Modify Task 1 to bound Shutdown with a 5-second deadline. If a handler takes longer than 5 seconds, the deadline should fire and Close should be called as fallback.

Use context.WithTimeout(context.Background(), 5*time.Second).
Test: make the handler sleep 10 seconds; press Ctrl+C; verify Close runs.

Goal. Understand deadline-bounded shutdown.

Task 3 — `errors.Is(err, http.ErrServerClosed)`¶

Add proper error handling for ListenAndServe's return. The error after Shutdown is http.ErrServerClosed; this is success, not failure.

Without errors.Is, every shutdown logs an "error."
With it, shutdown is silent (or "exited cleanly" if you choose to log).

Goal. Learn the idiom for ListenAndServe's error.

Task 4 — Background ticker¶

Add a goroutine that prints "tick" every 5 seconds. On shutdown, the ticker must stop.

Use time.NewTicker in a select with <-ctx.Done().
Verify with runtime.NumGoroutine() that the count returns to baseline after shutdown.

Goal. Make background goroutines shutdown-aware.

Task 5 — Readiness probe¶

Add /healthz (always 200) and /readyz (200 normally, 503 during shutdown). Use an atomic boolean to track readiness.

Flip readiness to false at the start of shutdown.
Sleep 3 seconds before calling Shutdown to simulate LB drain.

Goal. Implement the readiness pattern.

Medium¶

Task 6 — Multiple subsystems with `errgroup`¶

Build a service with two HTTP servers (API on :8080, metrics on :9090) and a background worker. Use errgroup to coordinate. Each shuts down when the signal arrives.

Drain in parallel: API and metrics simultaneously.
Wait for the worker to finish its current job (use a channel + WaitGroup).

Goal. Coordinate multiple subsystems.

Task 7 — Dependency order¶

Build a service with a Postgres connection (use a stub if no DB is available). Open the DB before the server starts; close it AFTER the server has drained.

Verify: during shutdown, log "draining server"; after drain, log "closing DB"; after close, log "exited."
Bug to avoid: closing the DB before the server, causing handlers to see "use of closed pool" errors.

Goal. Learn reverse-startup-order shutdown.

Task 8 — Phase machine¶

Implement a small Lifecycle struct that holds a stack of Close functions. On shutdown, it pops them in LIFO order, with a per-phase deadline.

API: lc.Add(func(context.Context) error), lc.Shutdown(ctx context.Context) error.
Test with three phases. Verify they run in LIFO order.

Goal. Build the basic phase-machine pattern.

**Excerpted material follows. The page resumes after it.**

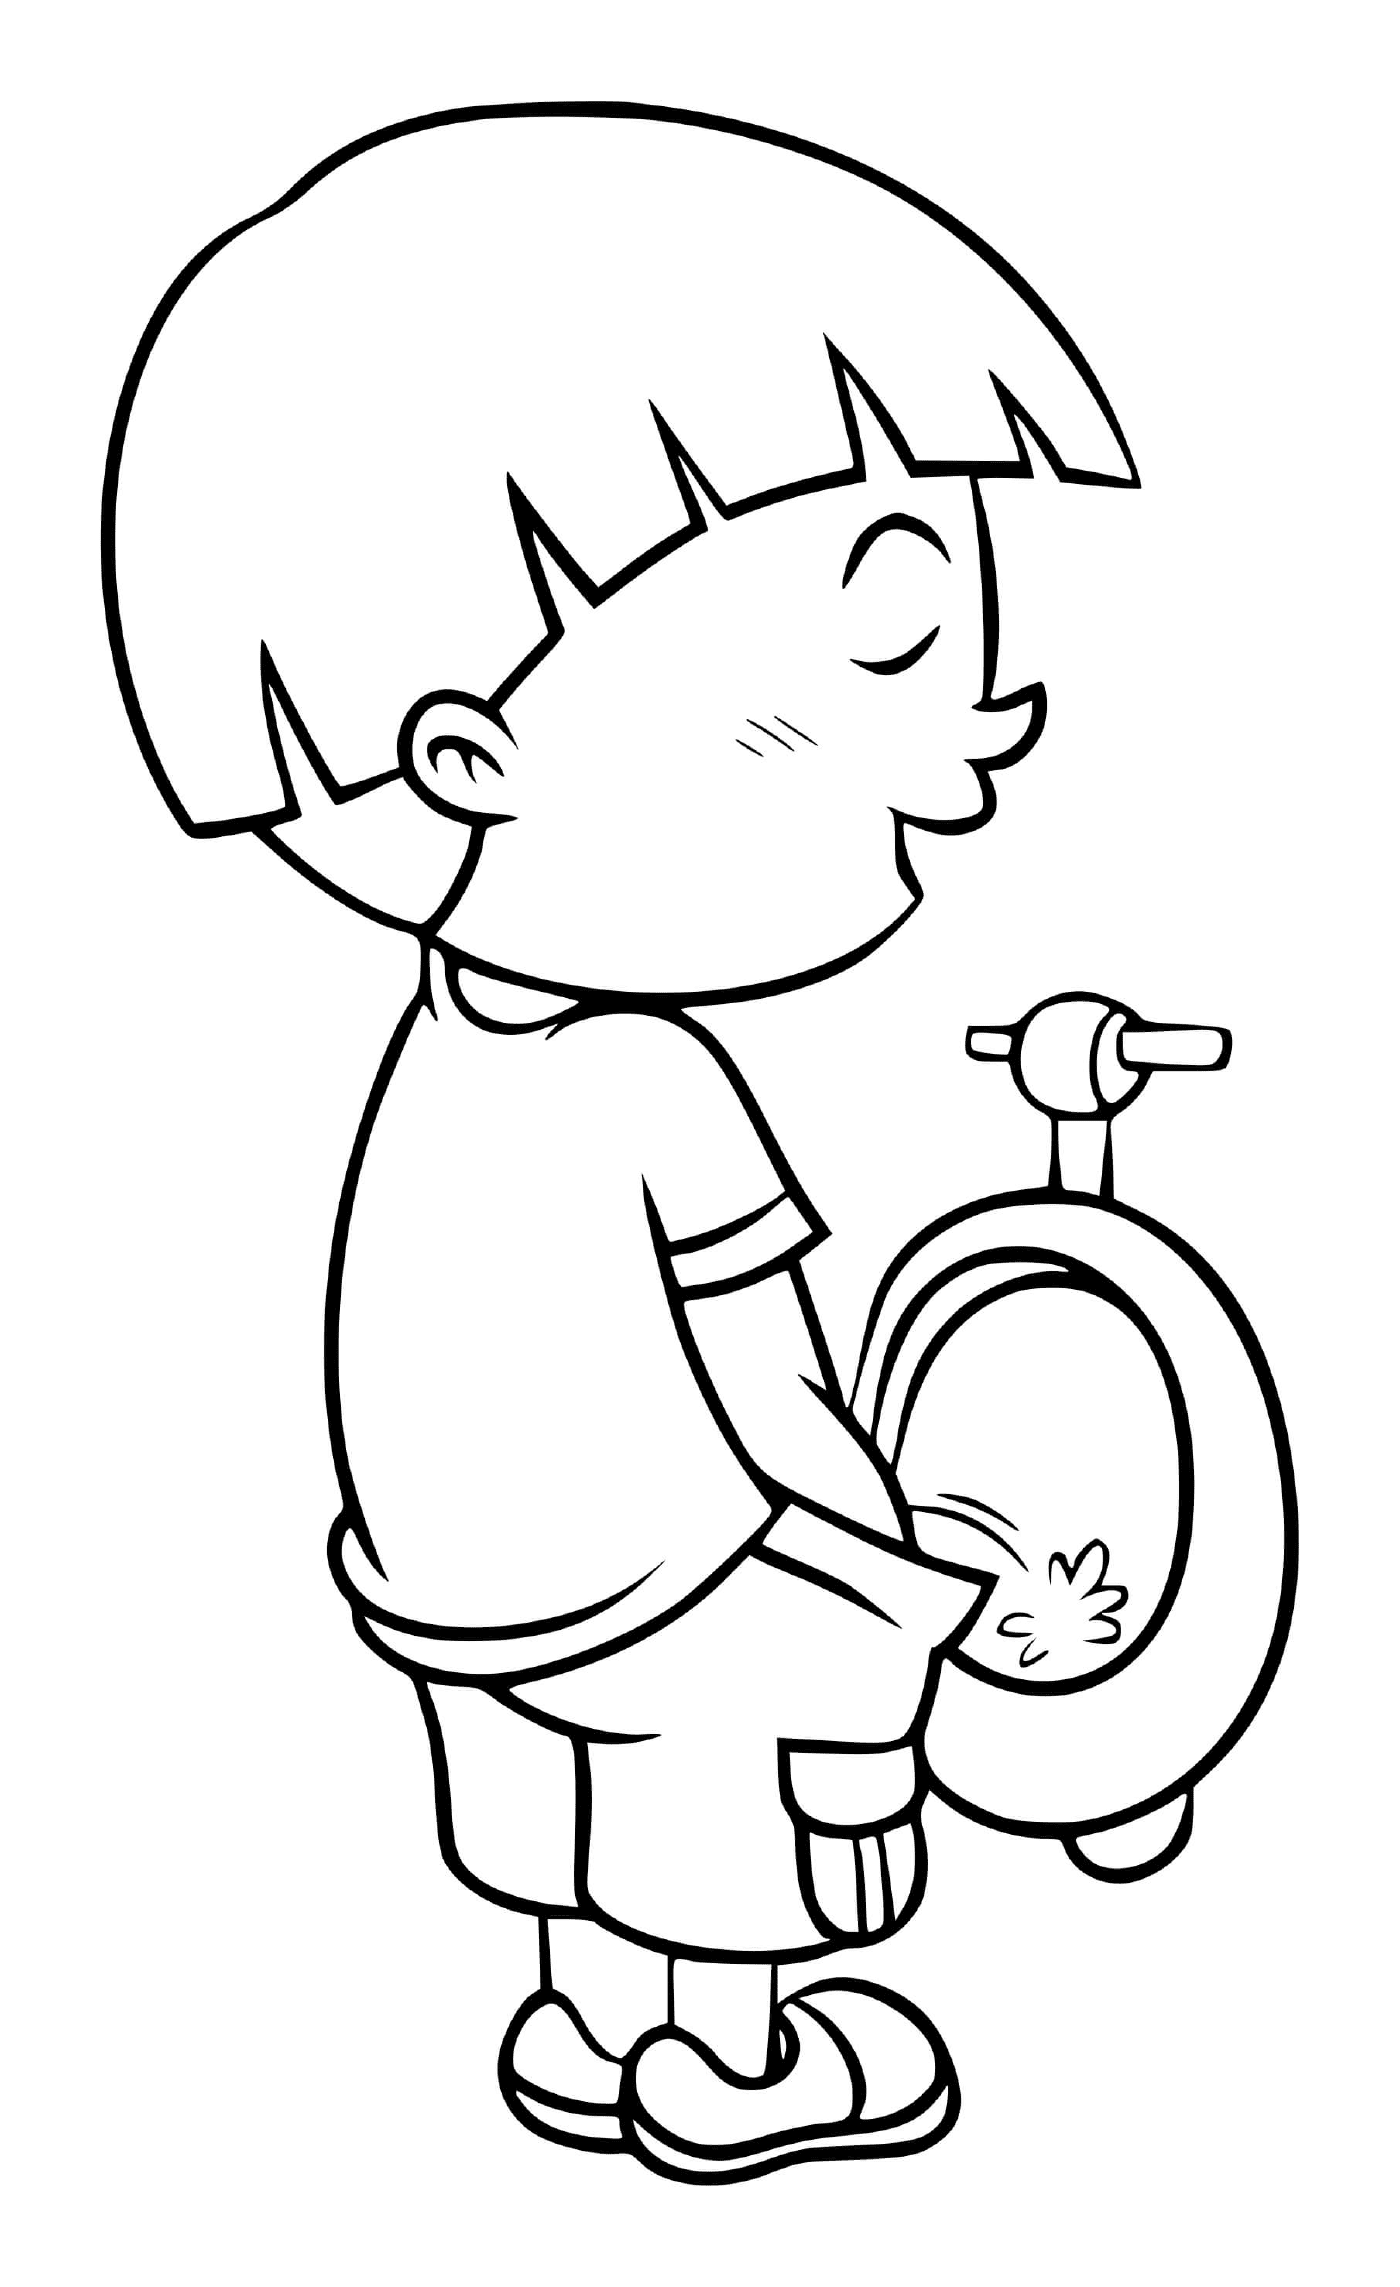  طفل صغير يذهب إلى الحمام في الحمام

Task 9 — Per-handler timeout¶

Add middleware that caps each handler at 10 seconds. If a request exceeds, the handler's context is cancelled.

Implement as func(http.Handler) http.Handler.
Verify: a handler sleeping 15 seconds returns to the client after 10 seconds with whatever it has so far (or 504 if you choose to emit one).

Goal. Bound the shutdown's tail latency.

Task 10 — Integration test¶

Write a Go test that:

Starts your server in a subprocess.
Issues a 2-second slow request.
Sends SIGTERM 200ms into the request.
Asserts: the slow request completes successfully, and the process exits within 5 seconds.
Use os/exec and process.Signal(syscall.SIGTERM).
Use a select with time.After(5*time.Second) to bound the wait.

Goal. Test the shutdown path.

Hard¶

Task 11 — WebSocket registry¶

Add a WebSocket endpoint to your server. Maintain a registry of active WebSockets. On shutdown:

Send a close frame (status 1001 "going away") to all WebSockets.
Wait up to 5 seconds for client-initiated close.
Force-close stragglers.
Use gorilla/websocket or nhooyr.io/websocket.
Register the drain via http.Server.RegisterOnShutdown.

Goal. Handle hijacked connections.

Task 12 — Distributed lock release¶

Acquire a Redis-based distributed lock at startup. Release it during shutdown (as a phase in your lifecycle stack).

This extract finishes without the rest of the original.